# Campsite near York?



## dangerous (May 1, 2005)

Can anybody recommend an RV friendly site near York. We hope to stay prior to the York show, maybe do some fishing?
Needs to be close to bus route, easy access to city centre. 8)


----------



## 94055 (May 1, 2005)

Hi 
Pm damondunc (the man to know for anything Rv) he stays on a sight not far from York.

Good luck

Steve


----------



## 96511 (Oct 12, 2005)

Try Naburn Lock, stayed there last year and there were a couple of RVs there at the time. Water bus/taxi takes you into the centre of York from a point about 200 metres from the site.


----------



## Moandick (Nov 8, 2006)

*Sites near York*

Try Beechwood Grange Caravan Club Site - takes non-members and RV's up to 38ft - telephone: 01904 424637 - Grid: SE 640 555

or

Rowntree Park Caravan Club Site - takes non-members and Rv's up to 28ft-ish (????) - telephone: 01904 658997 - grid: SE 604 509

Dick - from the BPG


----------



## zaskar (Jun 6, 2005)

vaila2 said:


> Try Naburn Lock, stayed there last year and there were a couple of RVs there at the time. Water bus/taxi takes you into the centre of York from a point about 200 metres from the site.
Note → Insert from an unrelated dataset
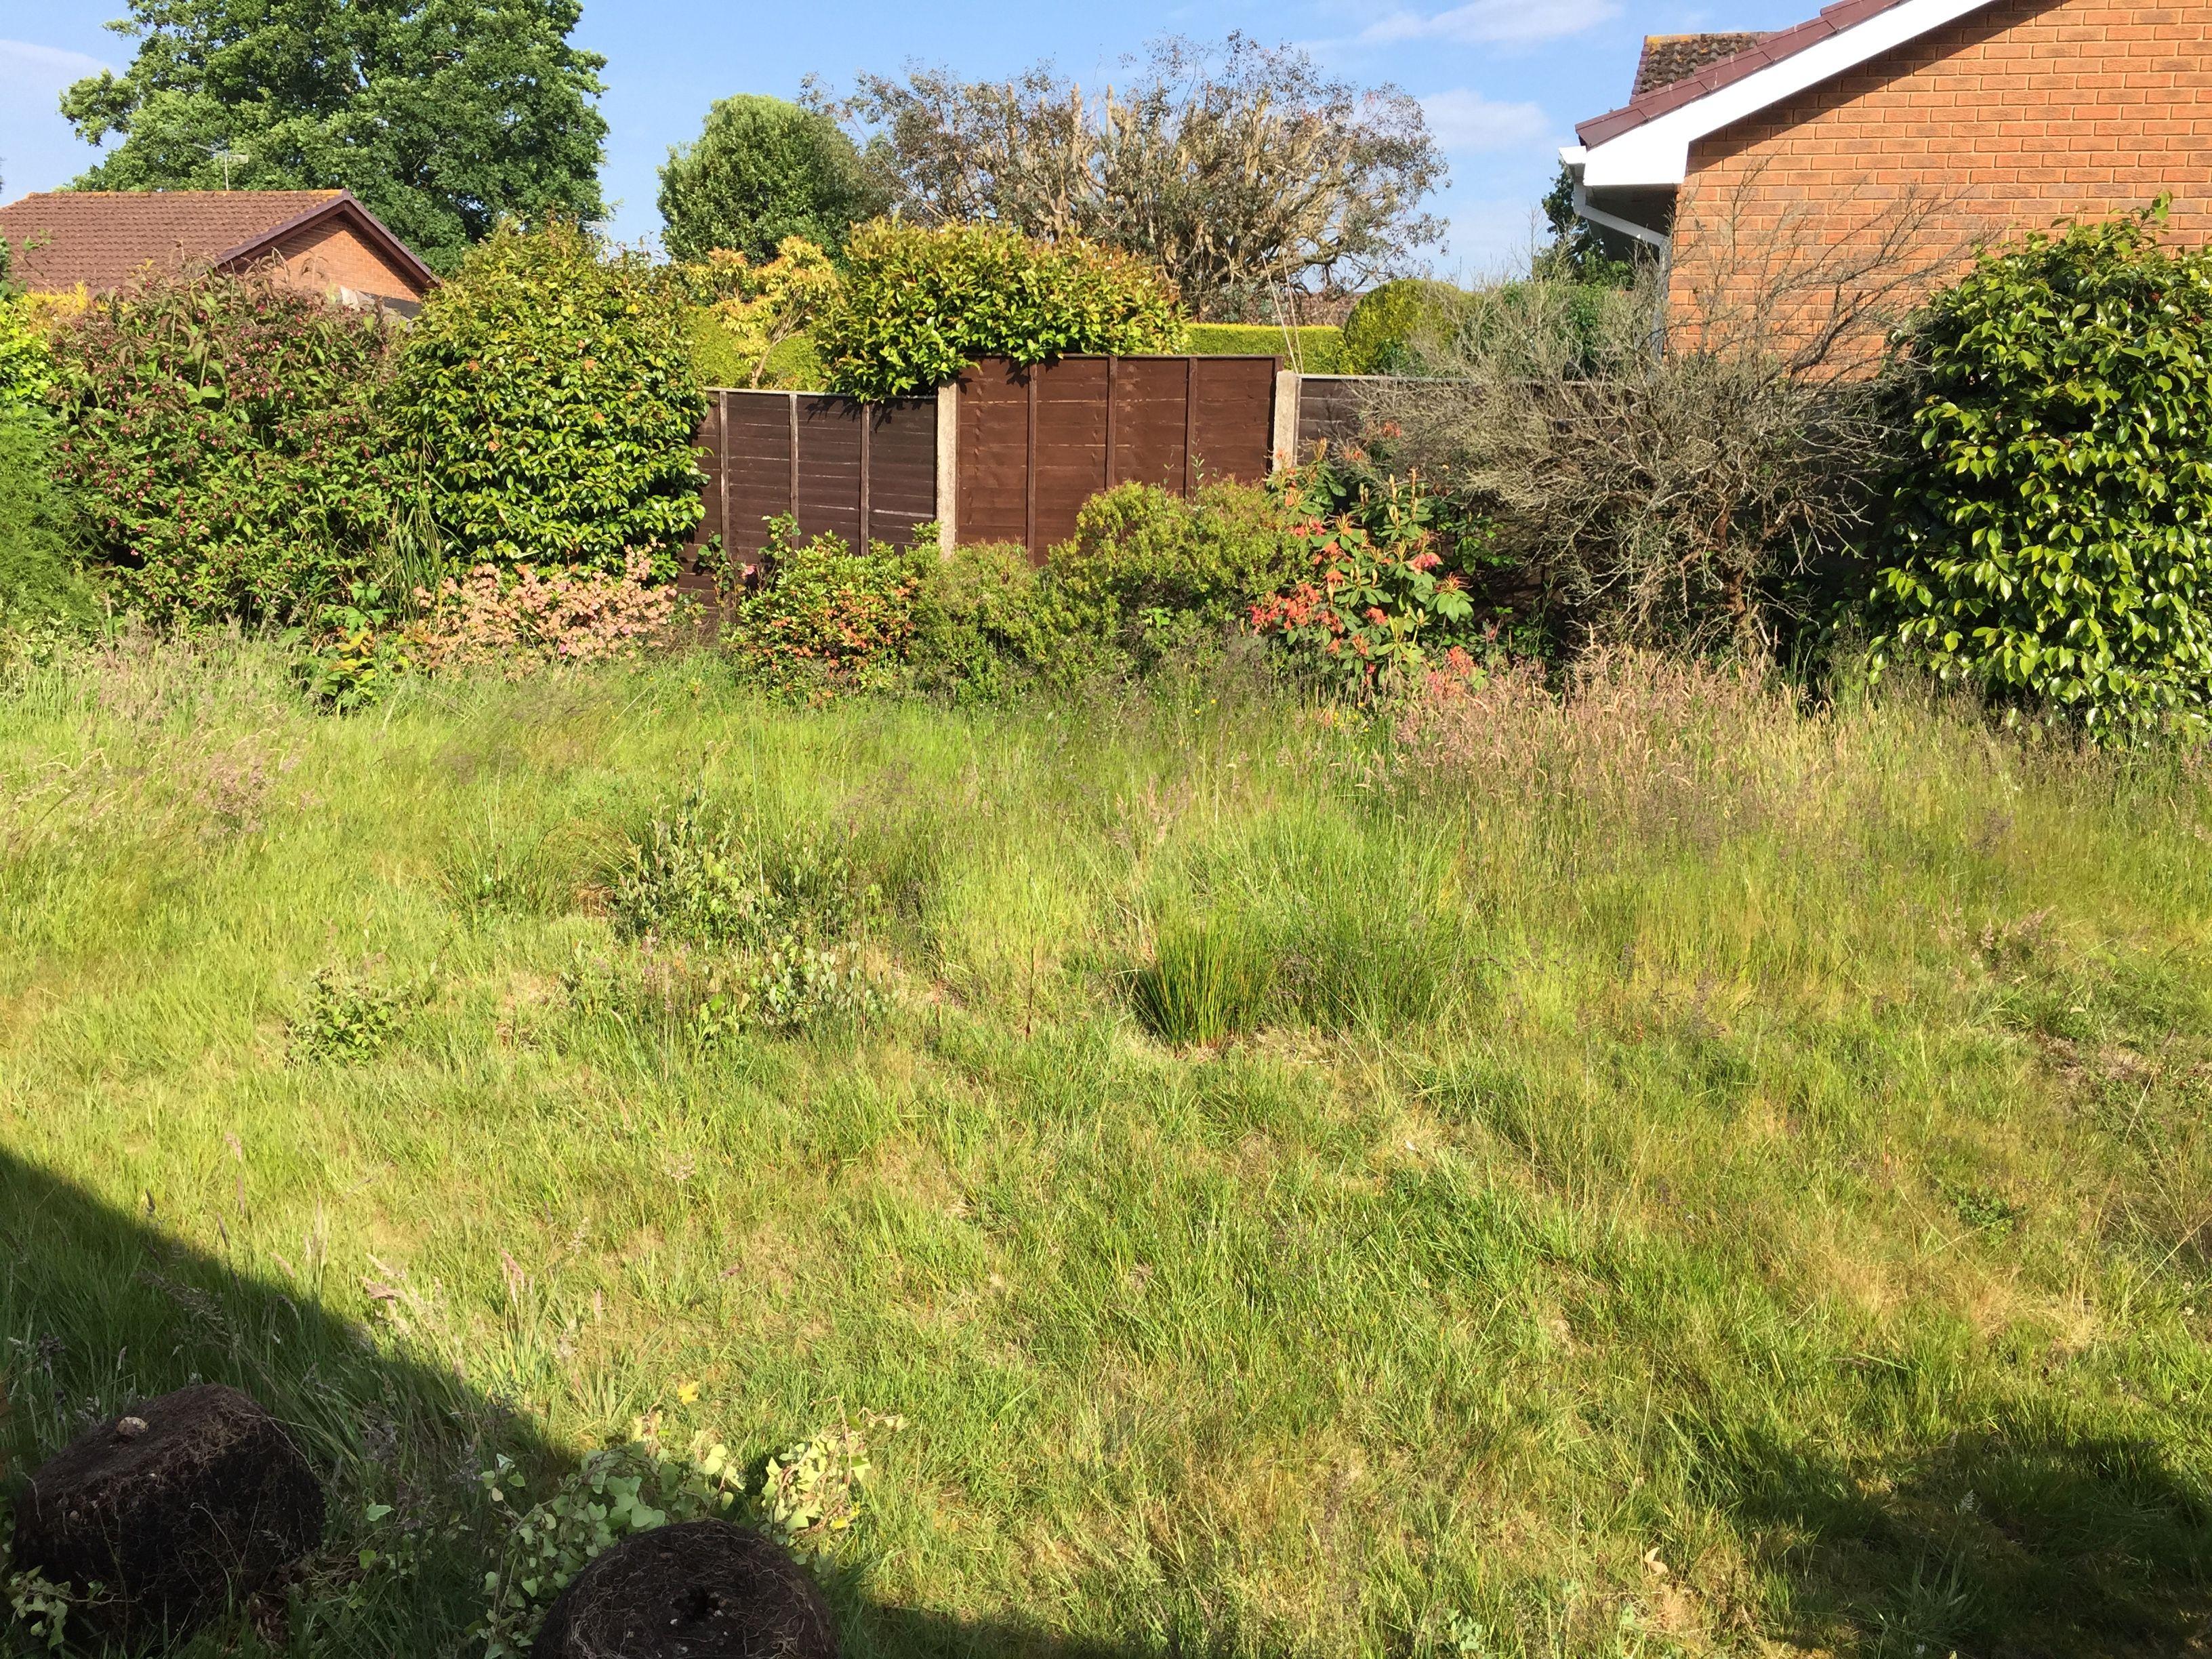 Landscape Gardeners Bournemouth Landscape gardener bournemouth summer house bournemouth landscape gardener bournemouth workwithnaturefo

....if you're willing to pay £4 per night EXTRA for over 30ft!!!!!! 8O

caravan/car/motor home £14
Motorhomes over 30ft £18.

Not been to that area for years and was interested.........till i saw that. 8O :evil:


----------



## dangerous (May 1, 2005)

Thanks for the replies, might try Naburn Lock, looks like all we need, pubs, fishing and easy transport into city. There is that fee though.............. 8O :roll:


----------